[Dataset entries]

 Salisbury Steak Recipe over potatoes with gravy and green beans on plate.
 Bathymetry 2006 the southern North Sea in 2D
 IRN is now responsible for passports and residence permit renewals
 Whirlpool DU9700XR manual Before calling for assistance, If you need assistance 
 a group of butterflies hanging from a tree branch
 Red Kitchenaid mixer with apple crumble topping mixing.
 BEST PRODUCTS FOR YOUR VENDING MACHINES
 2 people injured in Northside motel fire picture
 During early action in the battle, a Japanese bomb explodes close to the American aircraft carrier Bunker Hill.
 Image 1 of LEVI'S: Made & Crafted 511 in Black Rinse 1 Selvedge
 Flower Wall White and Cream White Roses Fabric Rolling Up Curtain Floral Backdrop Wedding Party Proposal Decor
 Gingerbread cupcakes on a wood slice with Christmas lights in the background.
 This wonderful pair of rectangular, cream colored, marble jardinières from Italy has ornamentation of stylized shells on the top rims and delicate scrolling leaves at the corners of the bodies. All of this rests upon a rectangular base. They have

= Task requirements =
Copy out the records once more, exactly as they are written.

= Solution to this task =
 Salisbury Steak Recipe over potatoes with gravy and green beans on plate.
 Bathymetry 2006 the southern North Sea in 2D
 IRN is now responsible for passports and residence permit renewals
 Whirlpool DU9700XR manual Before calling for assistance, If you need assistance 
 a group of butterflies hanging from a tree branch
 Red Kitchenaid mixer with apple crumble topping mixing.
 BEST PRODUCTS FOR YOUR VENDING MACHINES
 2 people injured in Northside motel fire picture
 During early action in the battle, a Japanese bomb explodes close to the American aircraft carrier Bunker Hill.
 Image 1 of LEVI'S: Made & Crafted 511 in Black Rinse 1 Selvedge
 Flower Wall White and Cream White Roses Fabric Rolling Up Curtain Floral Backdrop Wedding Party Proposal Decor
 Gingerbread cupcakes on a wood slice with Christmas lights in the background.
 This wonderful pair of rectangular, cream colored, marble jardinières from Italy has ornamentation of stylized shells on the top rims and delicate scrolling leaves at the corners of the bodies. All of this rests upon a rectangular base. They have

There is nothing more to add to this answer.